Charitable Giving FAQs

When you file your taxes, you will need to itemize your donations on Schedule A of the 1040 form. You can download this form and the instructions for how to fill it out from the IRS Web site.

Can I deduct expenses I incur from volunteering?

Although individual taxpayers may not deduct the value of their volunteering services, some expenses incurred while volunteering, for example, travel expenses are deductible if they are not reimbursed by the charity. The mileage rate for charitable deductions for the 2007 tax year is 14 cents per mile plus tolls and parking for non-Katrina related mileage. For Katrina relief efforts, you may deduct $0.32 or be reimbursed 44.5 cents [IR-2005-138] [see IRS code Sec 170(i)]. However, travel expenses are deductible only if there is no significant element of personal pleasure, recreation, or vacation associated with the travel and then limited to necessary lodging and meals while away from home overnight in rendering these services. For example, if you volunteered to help with a youth club campout, but visited friends along the way or spent time with your own family, you could not deduct these travel expenses.

IRS Volunteer Mileage Deduction: Volunteer Mileage Rate $0.14

When I donate, will I get a receipt?

Yes.

When you donate directly to IMS via a check, Ann Cotton, our office manager, will give you receipt.

When you donate through Network for Good, you will always receive a confirmation e-mail, which will serve as your receipt. You also can print the confirmation page that appears on your computer screen after you’ve completed your contribution — that can also serve as a receipt. You should always keep a hard copy of your receipt for your tax records. A canceled check or credit card receipt is no longer allowed for any donation greater than $250. It is a good policy to obtain a receipt for any donation you make and most charities will issue one automatically.
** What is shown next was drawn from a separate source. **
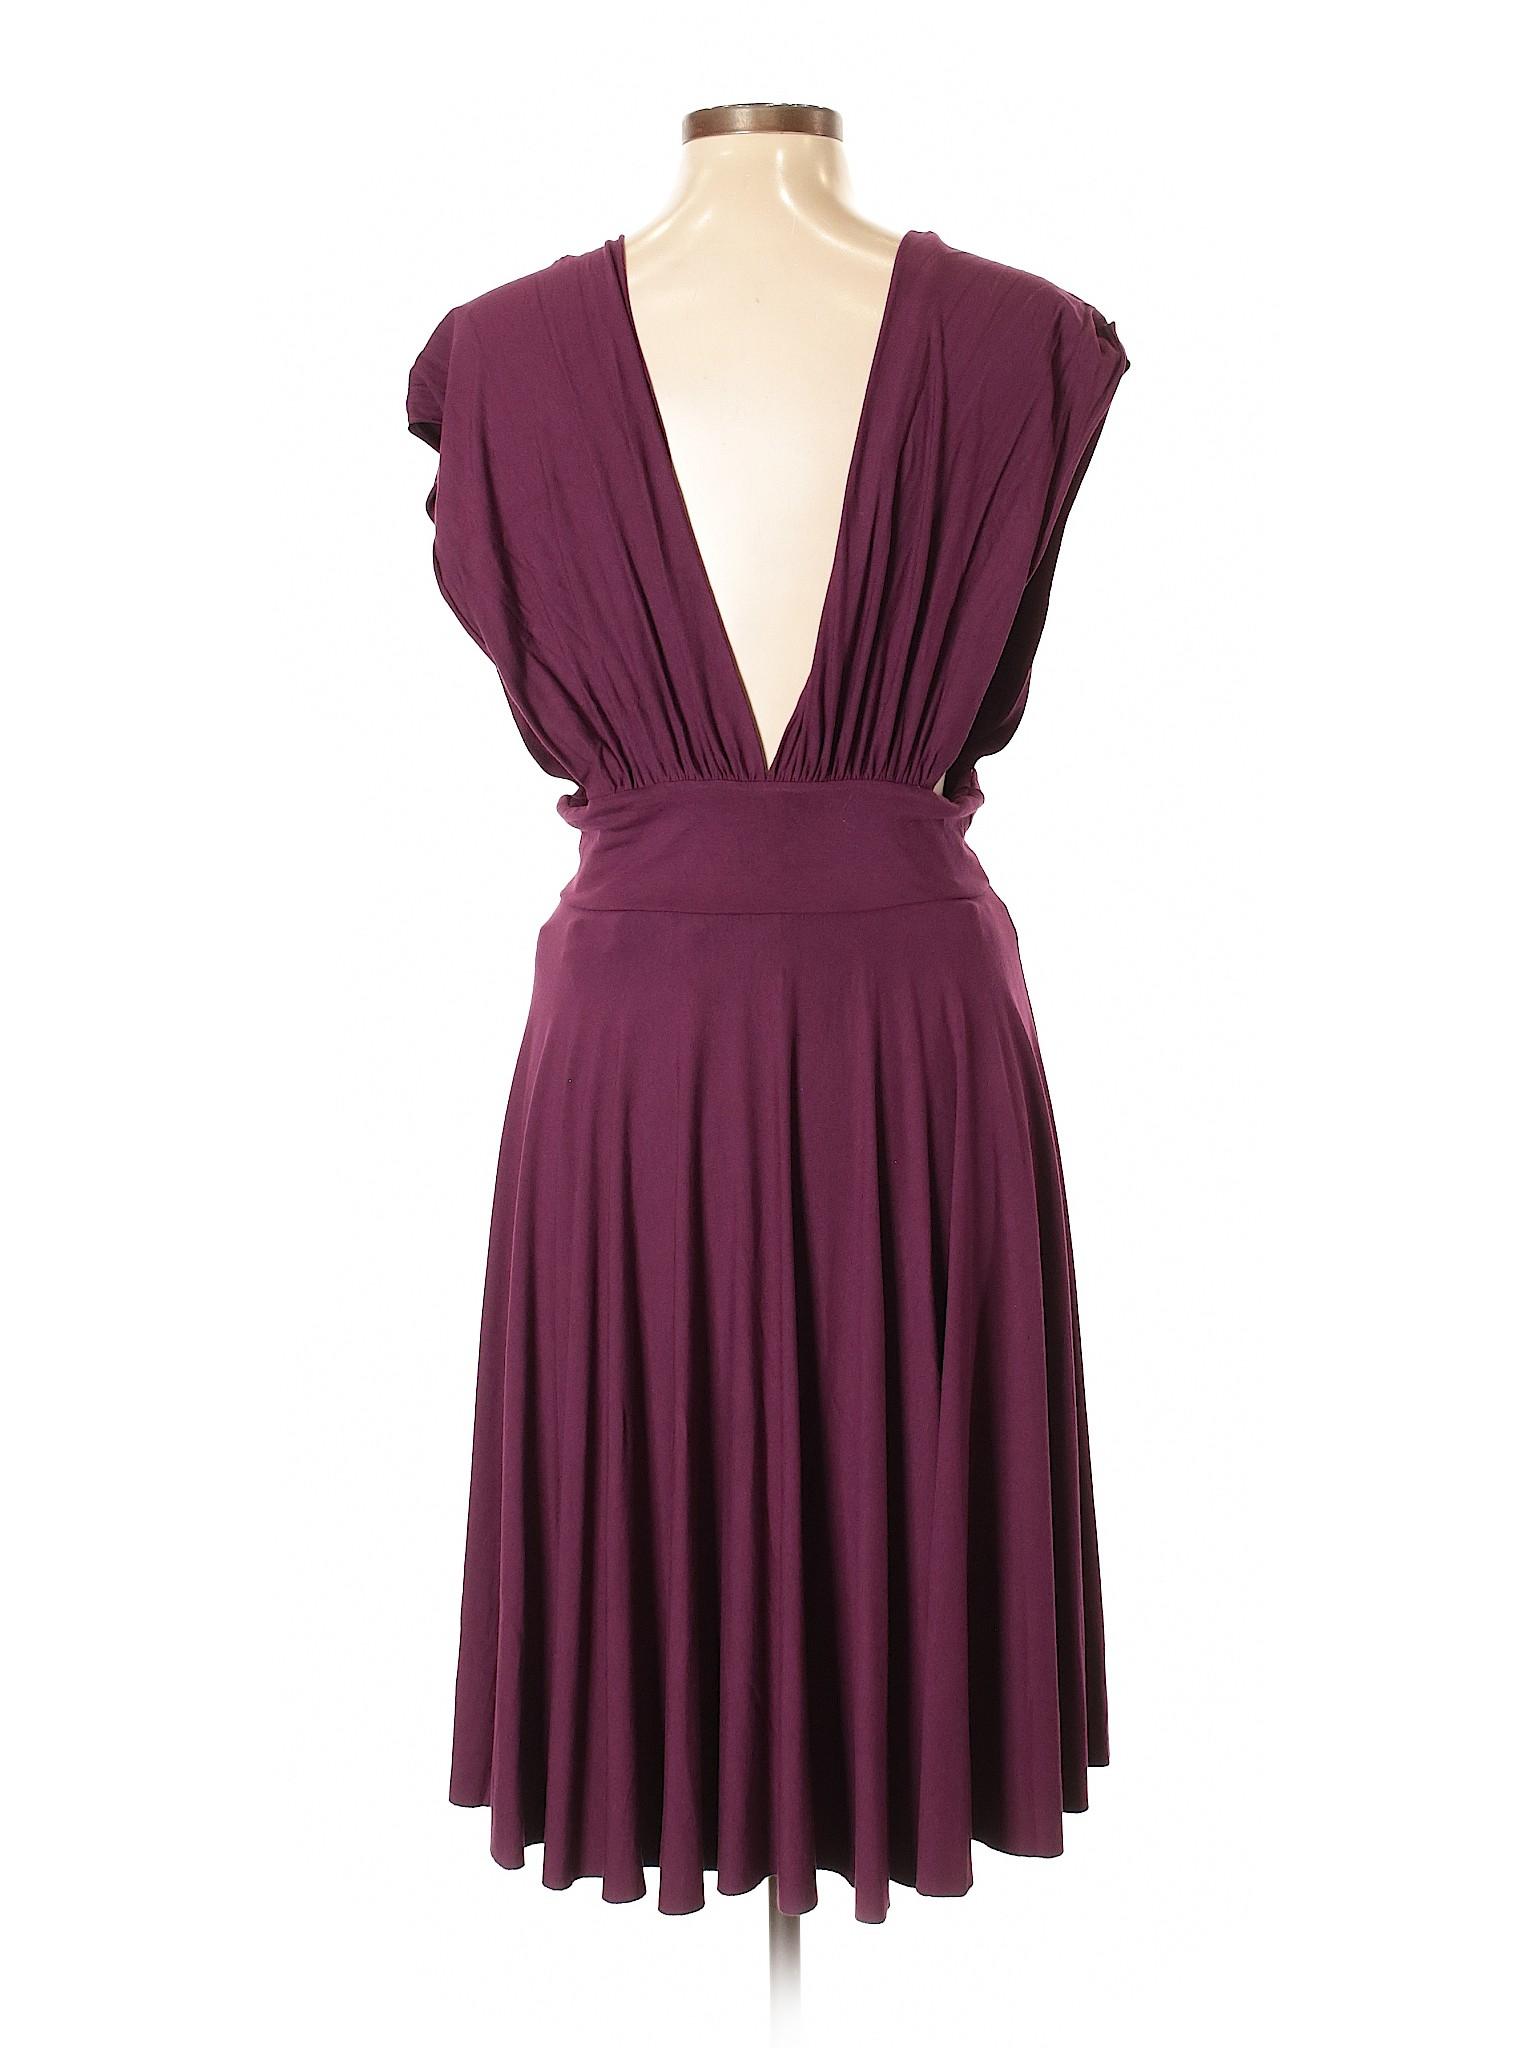 Black Dress winter Casual Market House White Boutique wxF6q7B4

I’ve heard that some donations aren’t fully tax-deductible, even if they’re to an IRS-recognized charity. Is that true?

Some contributions can be tax-deductible for less than the donated amount if the charity provides you with something of substantive value in return. Since IMS does not give you anything of substantive value in return, 100% of your donation to IMS is deductible.

I want to donate as much as I can this year. How can I do that, taking my own needs and expenses into consideration?
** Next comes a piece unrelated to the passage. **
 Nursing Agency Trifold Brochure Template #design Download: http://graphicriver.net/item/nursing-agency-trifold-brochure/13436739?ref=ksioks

This would be a wonderful time to sit down with your own tax or financial advisor — he or she can help you decide how much you can give this year. There are also a number of online tools that can provide you with a rough estimate for giving, including the charitable giving calculator from the New Tithing Group.

How much can I legally deduct on my taxes for charitable contributions?
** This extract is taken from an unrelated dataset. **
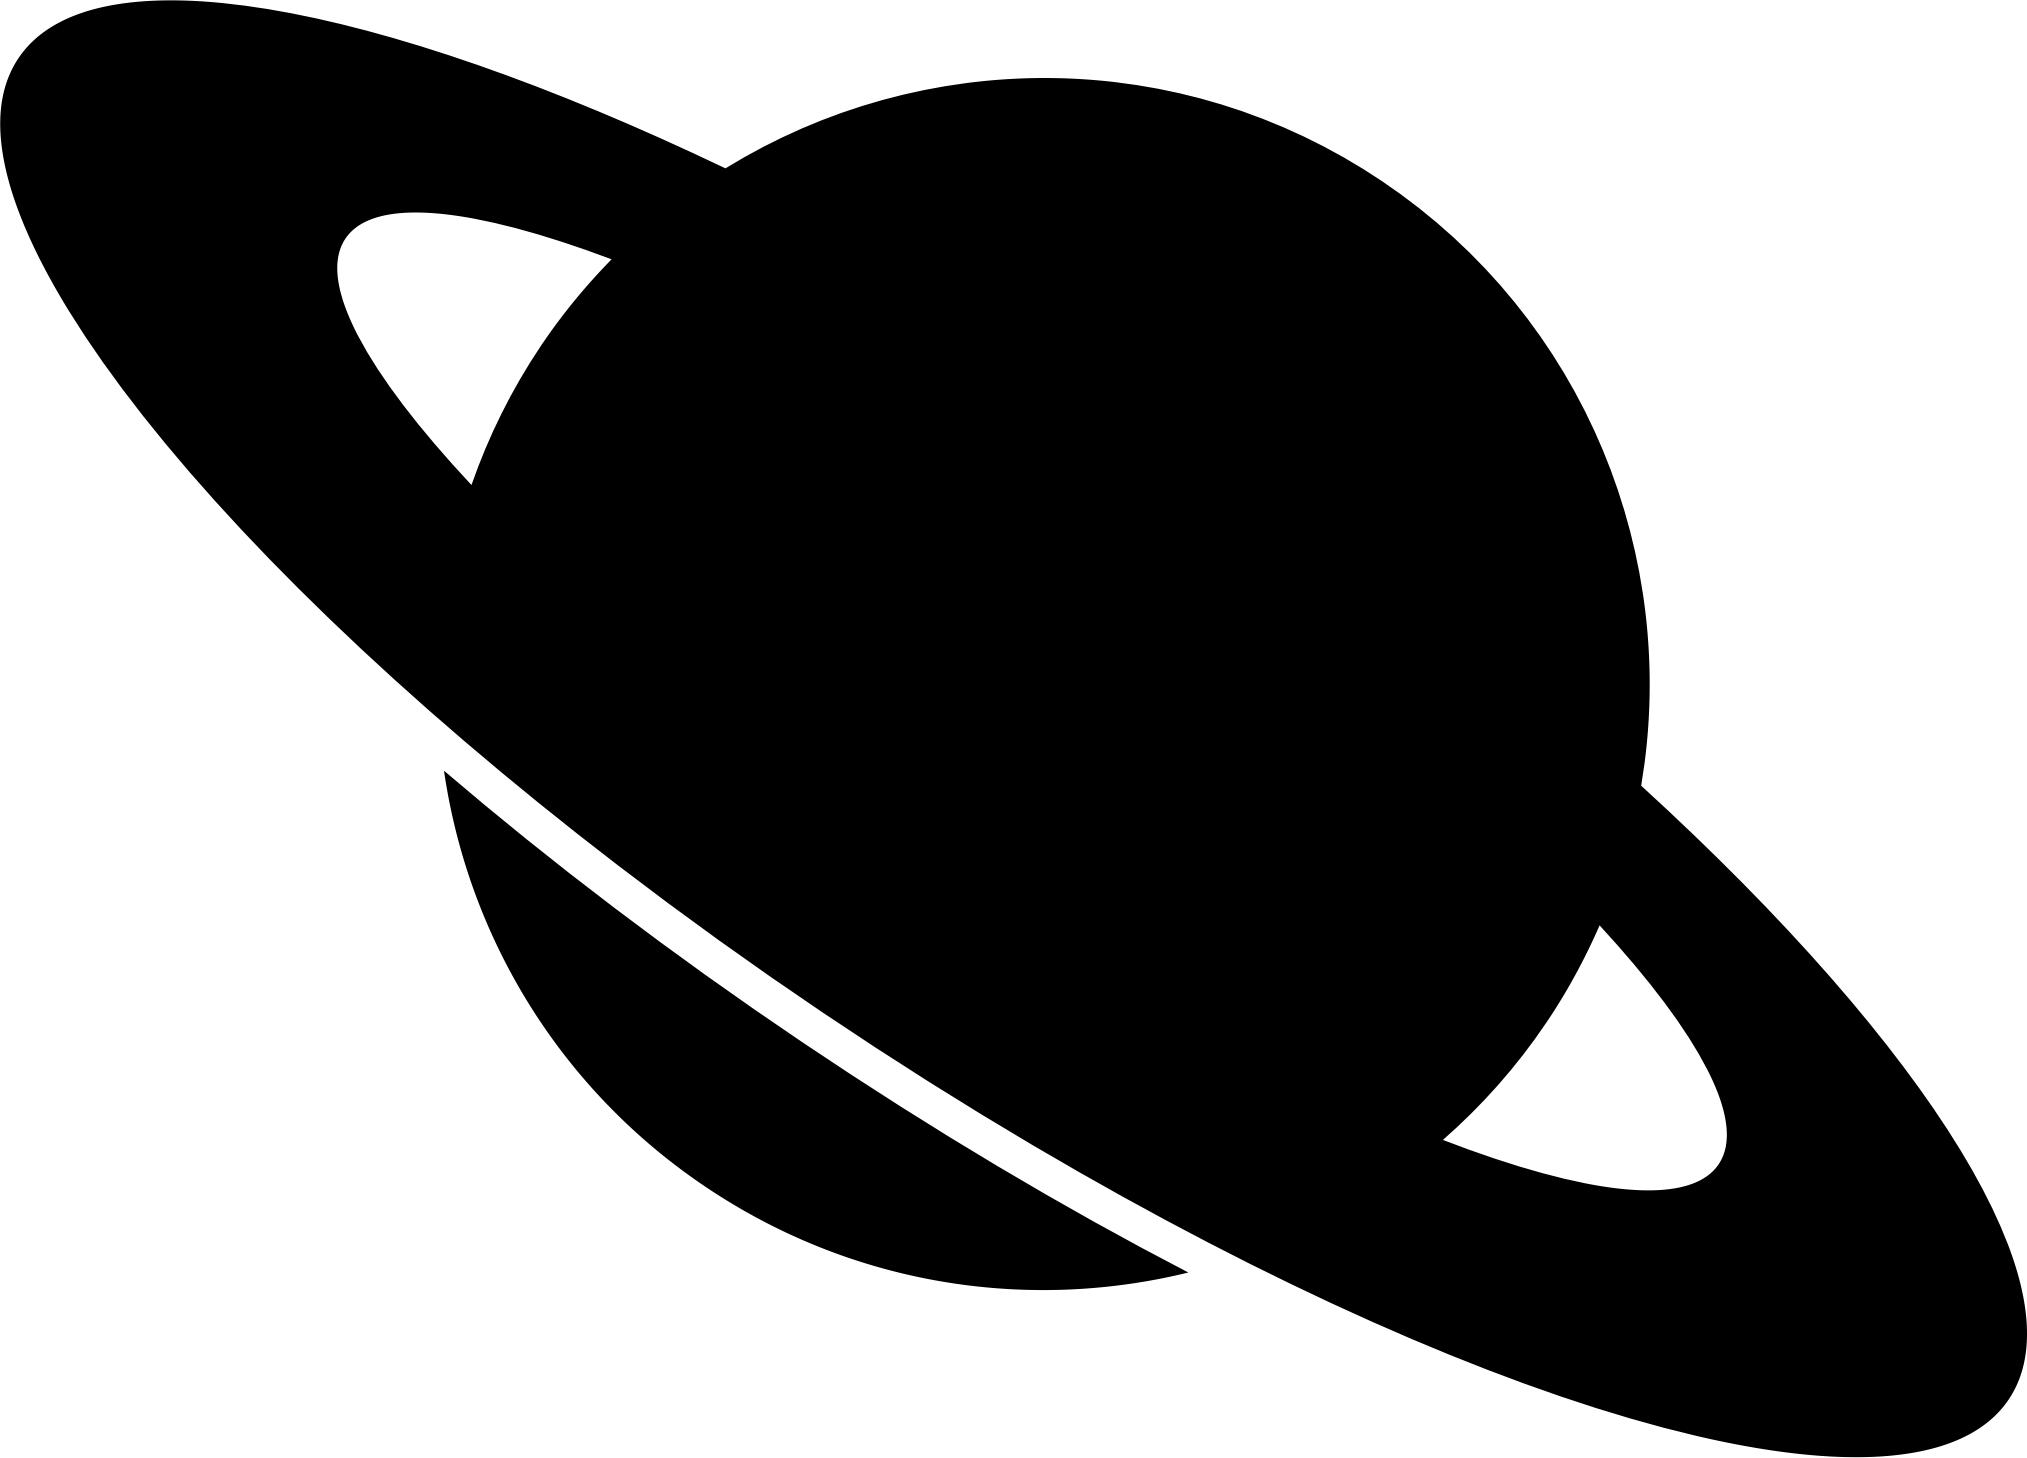 2027x1458 Planet Clipart Silhouette

You can only deduct the amount of a contribution given voluntarily, with no expectation of a commensurate return. Generally speaking, you may deduct up to 50% of your aggregate gross income — half of your total income, subject to income phase-outs. There are some specific types of donations (such as gifts of stock, or donations to certain types of organizations) that have lower percentage ceilings.

Is it worth the time and effort to itemize just to get a deduction for charitable giving?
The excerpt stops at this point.